Ok. Not come across this before, so I'd appreciate some feedback please. I have a dual rcd board, 10 circuits all protected, evenly split. On the 'A' side I have a kitchen socket circuit. On the 'B' side I have a house socket circuit. If both McB's are made active, the Kitchen circuit mcb trips the 'B' side RCD, not it's own RCD. The only way I can get the Kitchen socket circuit to stay active is to ensure the mcb on the other side of the board stays off. I've checked neutrals/earths on the CU are in the right bars. So - what is likely to be the issue? Somewhere in the wiring has a spur been made where a live is taken from the Kitchen circuit and a neutral from somewhere else? Perhaps a messed up junction box? Is the best WYoming to test this to carry out an IR test on the house socket circuit and split it until I find an issue? Any thougts/comments are welcome Cheers.
Hello everyone. I've not carried out testing yet. Made sure everything was safe before I finished today. Back down there tomorrow. Just want to make sure that IR testing the mcb on the RCD trip side is the correct approach. It seems from comments above that it is. Thank You.
The dead tests should be carried out before its energised otherwise how do you know its safe to do so? If it was done prior to energising there is a good chance you would of picked the fault up.
My bets are that you have a neutral earth fault somewhere on one of the circuits. The RCD is tripping as the neutral current is diverting via the N-E fault, the impedance of the fault determines the proportion of the current which diverts and so the amount of load required to cause a trip hence when tripping when kitchen circuit is turned on as usually have higher current using equipment plugged in like a fridge freezer for example. Any current in use on the installation can cause this because the current can flow from the main switch common neutral back vie the RCD neutral on the faulty side through the NE fault and to earth.The current flowing through the neutral does not have a corresponding live current and so the RCD trips.

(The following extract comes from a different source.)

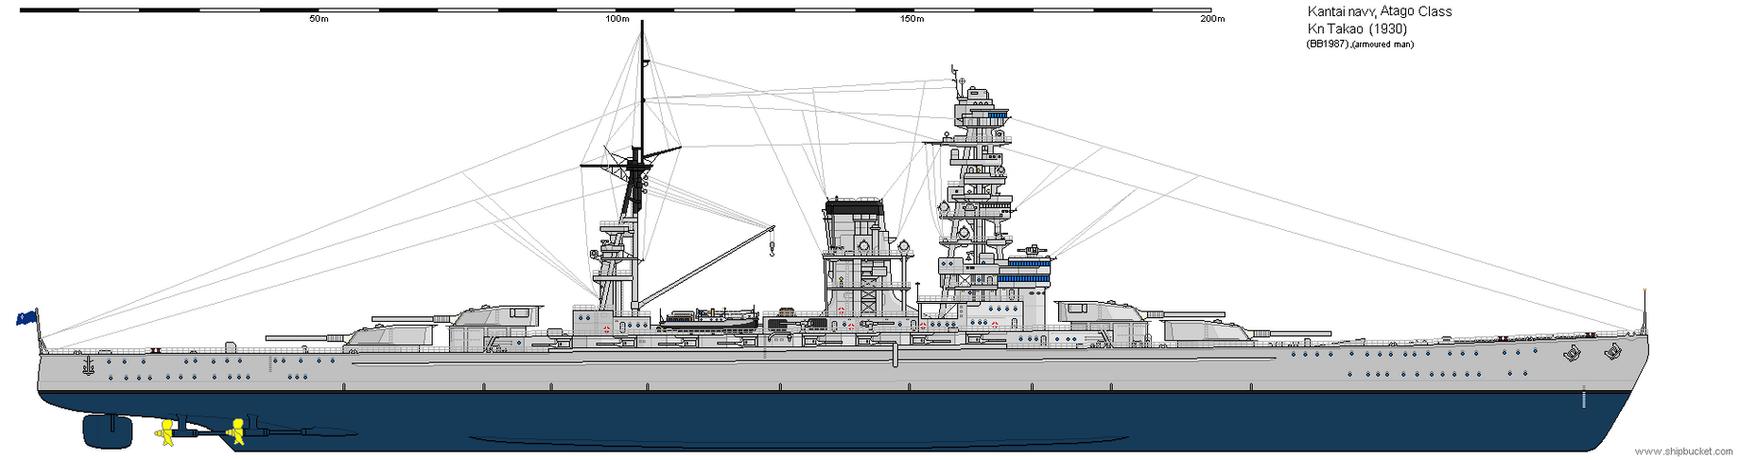 Atago class battleship (1930) by space-joe

This does need a proper test, dead test. An insulation test is a must but and i presume the kitchen sockets and house sockets are ring finals need to be tested for correct polarity and a figure of 8 dead test done. Sounds to me like either you have one leg of the ring final from the kitchen mixed up with the ring final from the house, or polarity is the wrong way round in one of the sockets as in the Neutral in the Line and the Line in the Neutral kind of thing. All this is picked up by a simple ohm meter test which is done before you do your insulation test. As many have said above, you should always do these tests before you apply power to the board without fail.Very bad practice not to. Ok you can sometimes push your luck with an insulation test but NOT the continuity and polarity testing and to be 100% sure the ring final is actually a ring and not broken somewhere. At a guess that is what i am thinking it is. If you have it powered on and you have one of these: http://www.screwfix.com/p/kewtech-loopcheck-107-advanced-plug-in-socket-tester/4670j Plug it in and test it.

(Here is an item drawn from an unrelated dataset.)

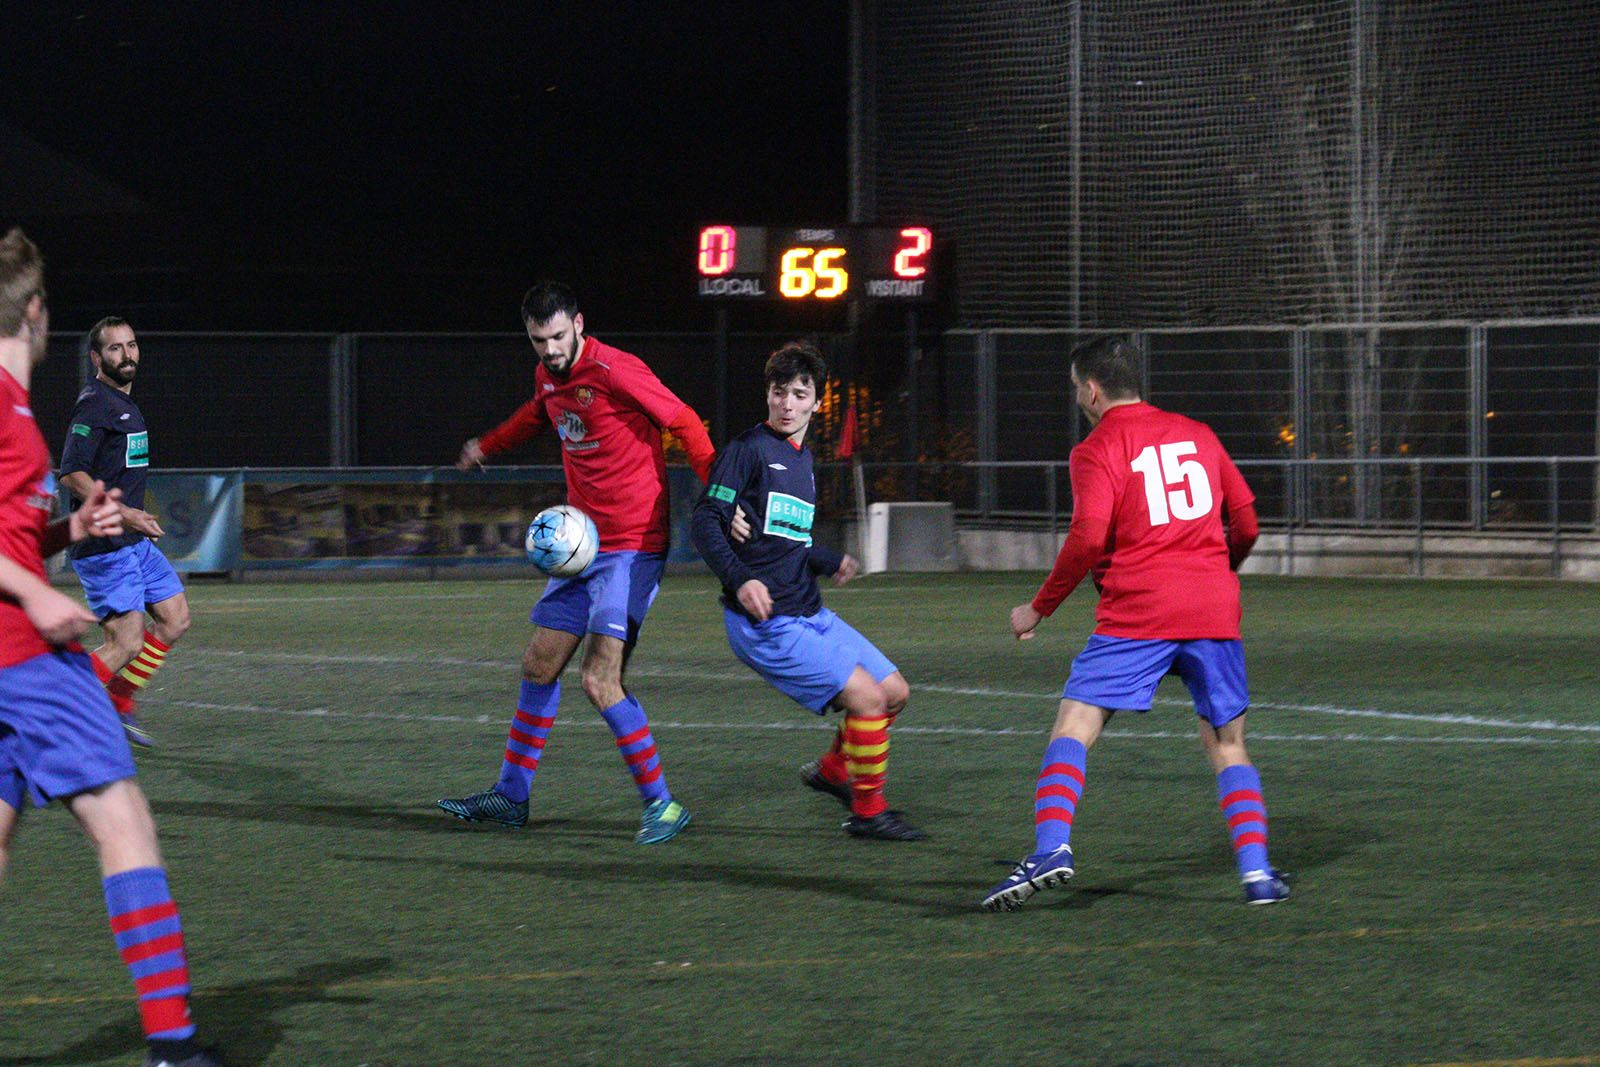 Lliga de futbol: Penya Blaugrana Sant Cugat-UE Tona B. Foto: Lali Álvarez

Thanks fire, JP - I did use a socket/polarity tester when trying to identify which sockets were on which circuit earlier in the job. All appeared to have the correct polarity but ..... it's possible I missed some (behind cupboards etc.. you know the deal). For a bit of background.... The house is very old 1860's and I'd guess the sockets most pendants are 30 years old, maybe older. The fusebox had cermaic type casings, 4 pin push in metal fuses. The Kitchen does "appear" to be on it's own rfc from the socket tests, but of course this isn't definitive as yet. The issue is in the rest of the house. There are two other 'socket' circuits, but they aren't divided at all logically east/west or upstairs/downstairs etc.. I've come across three sockets in one room on two different circuits, some upstairs/down rear of house/front etc.. I'm about to leave for the job. I'll let you know how I get on.